- **Brief**
Take the material below and extract the lines from the one with "Efficient parcel service Panskura to Bihar" through the one with "Un sentier public", word for word, without pictures.

- **Materials provided**

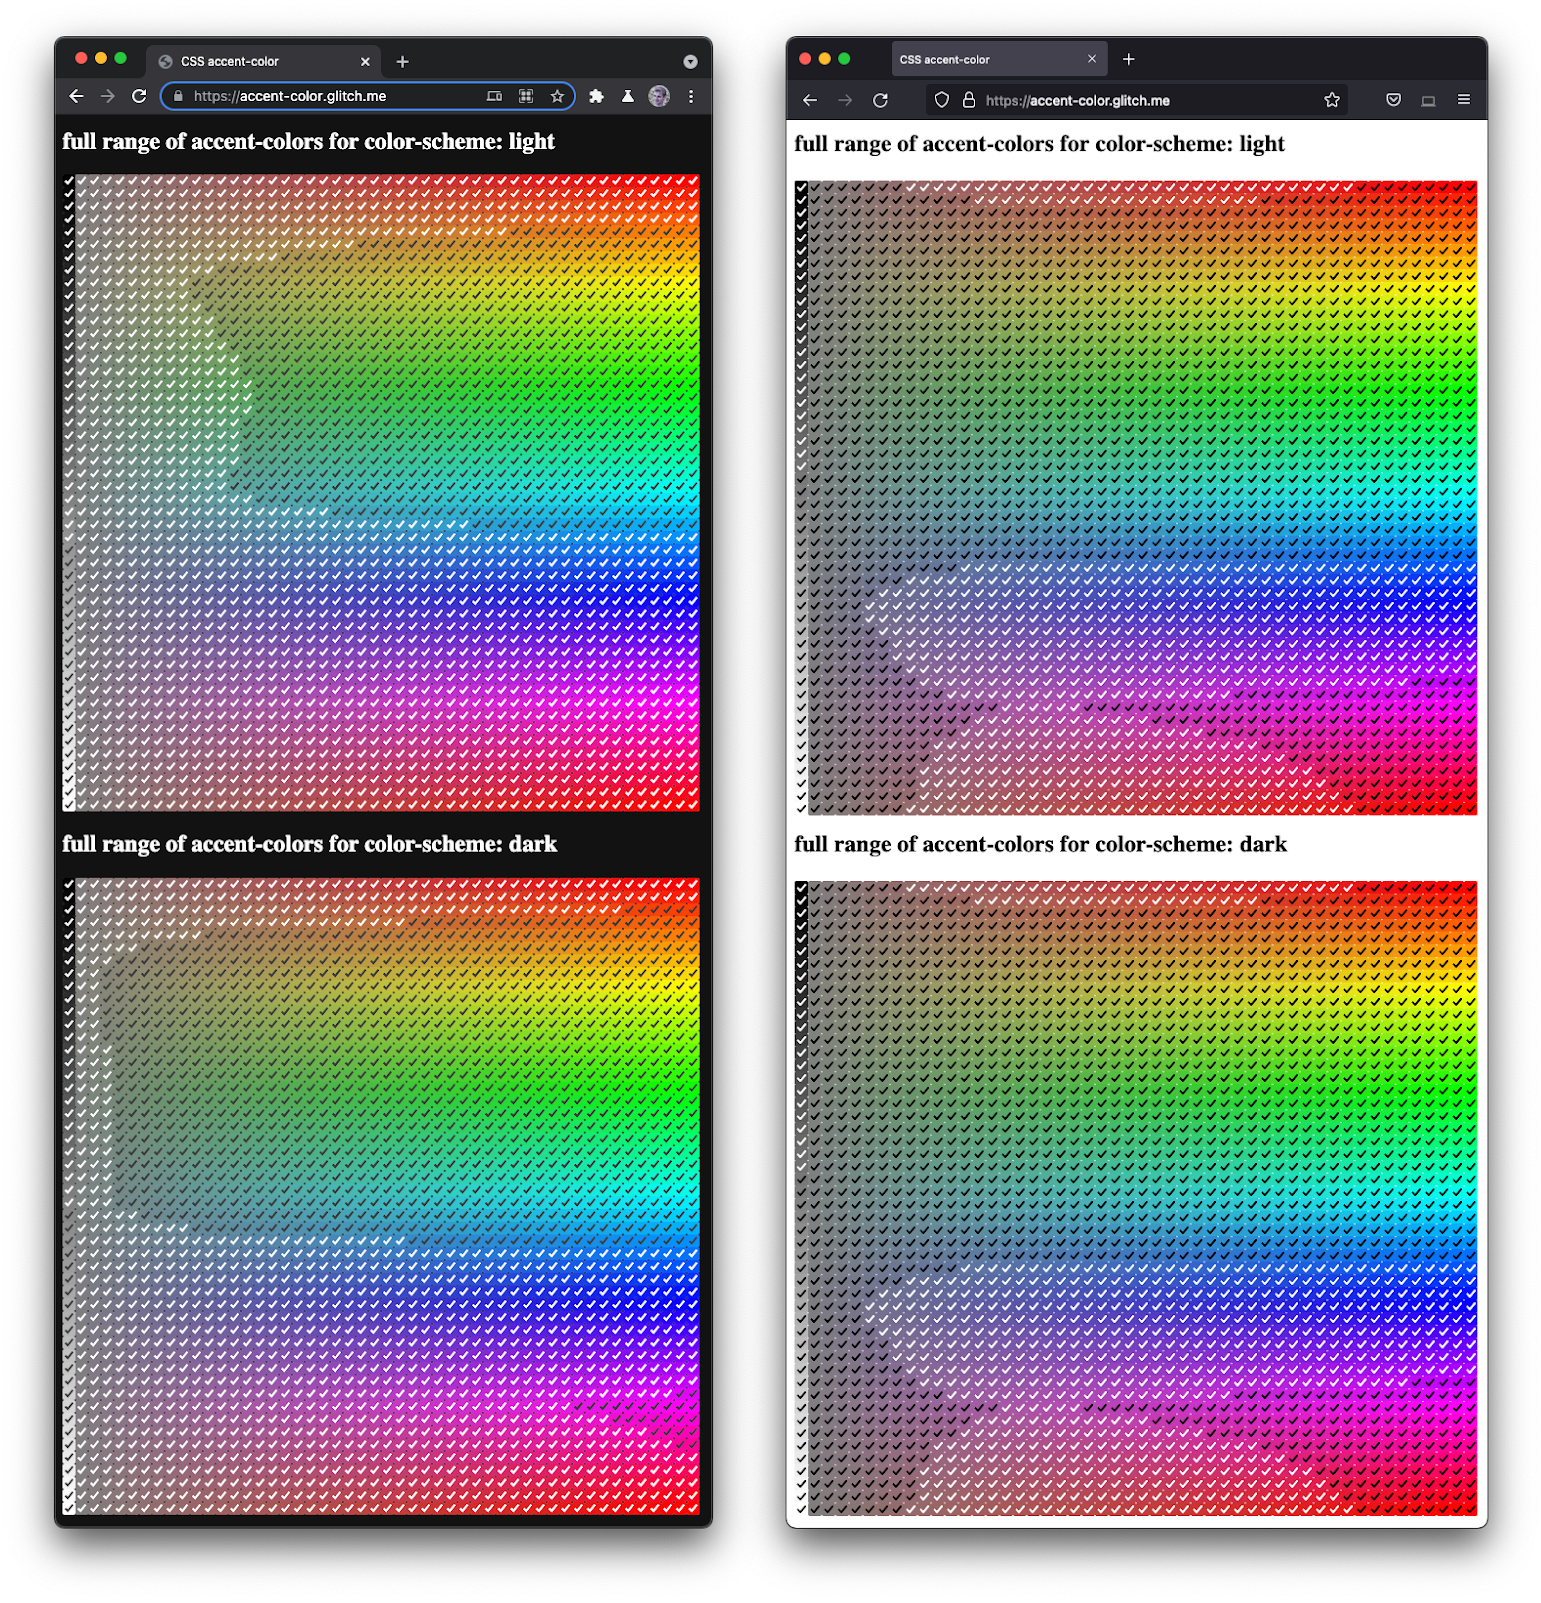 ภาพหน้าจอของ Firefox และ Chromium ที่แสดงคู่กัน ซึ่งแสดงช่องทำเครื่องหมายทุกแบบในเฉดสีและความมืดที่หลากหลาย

* * *

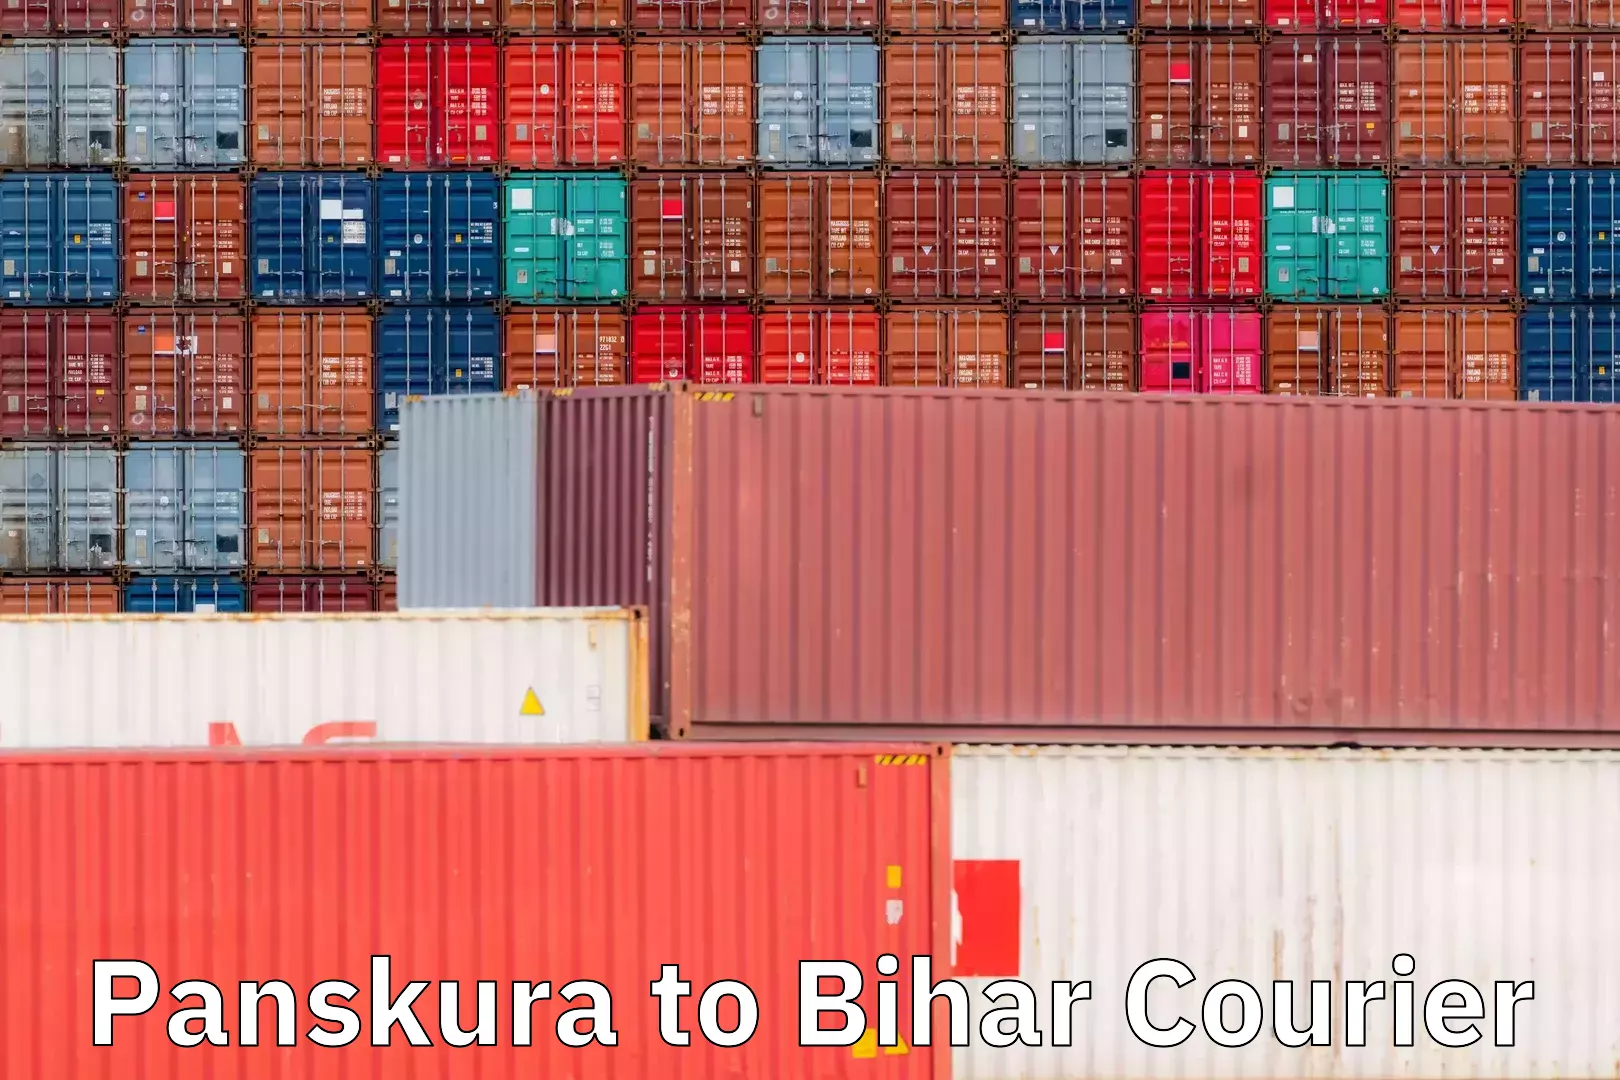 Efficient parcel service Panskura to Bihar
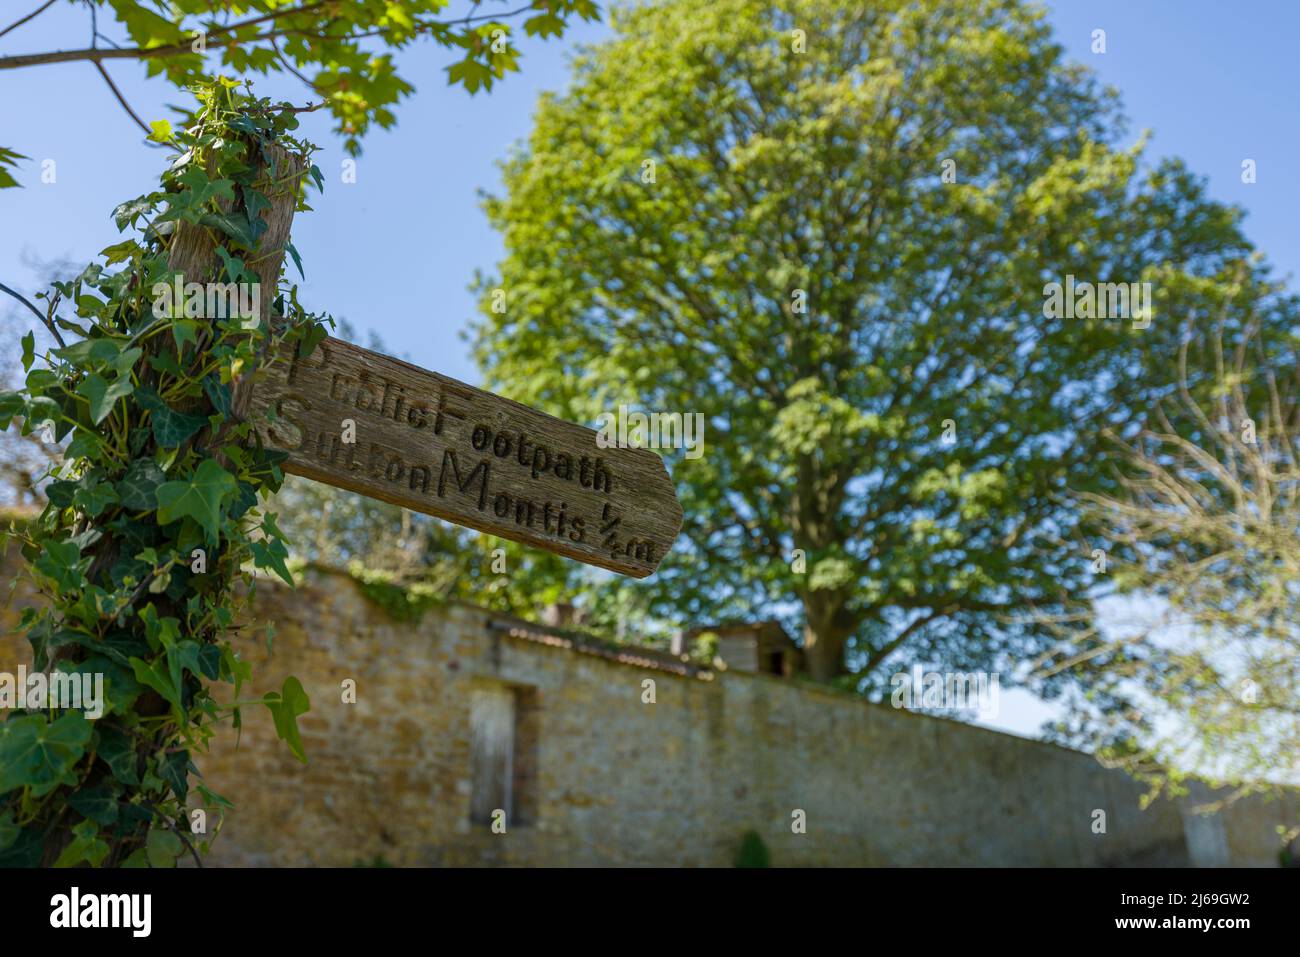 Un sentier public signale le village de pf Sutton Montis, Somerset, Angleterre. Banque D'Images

==

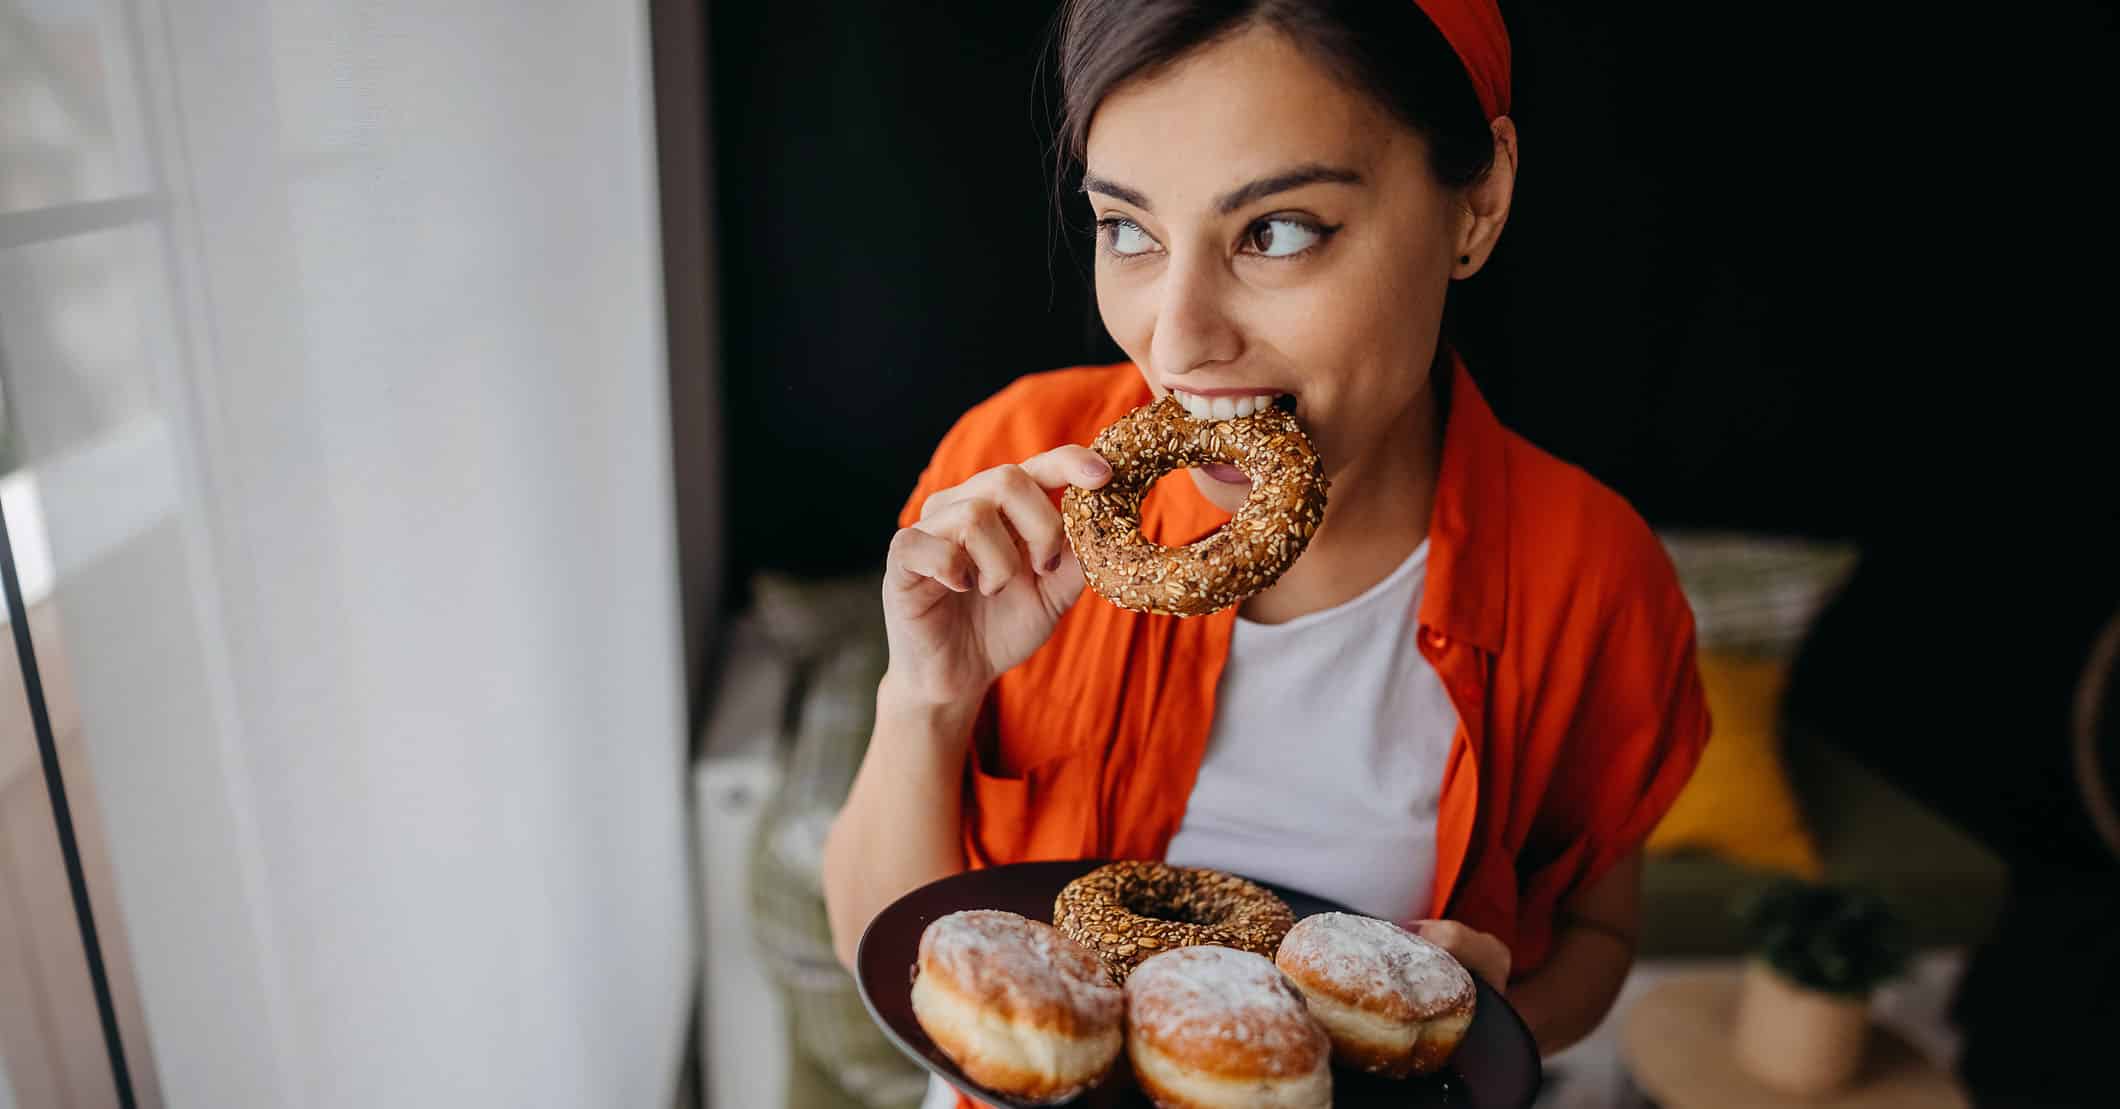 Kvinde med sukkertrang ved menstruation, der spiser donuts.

- **Answer for the task**
 Efficient parcel service Panskura to Bihar
 Un sentier public signale le village de pf Sutton Montis, Somerset, Angleterre. Banque D'Images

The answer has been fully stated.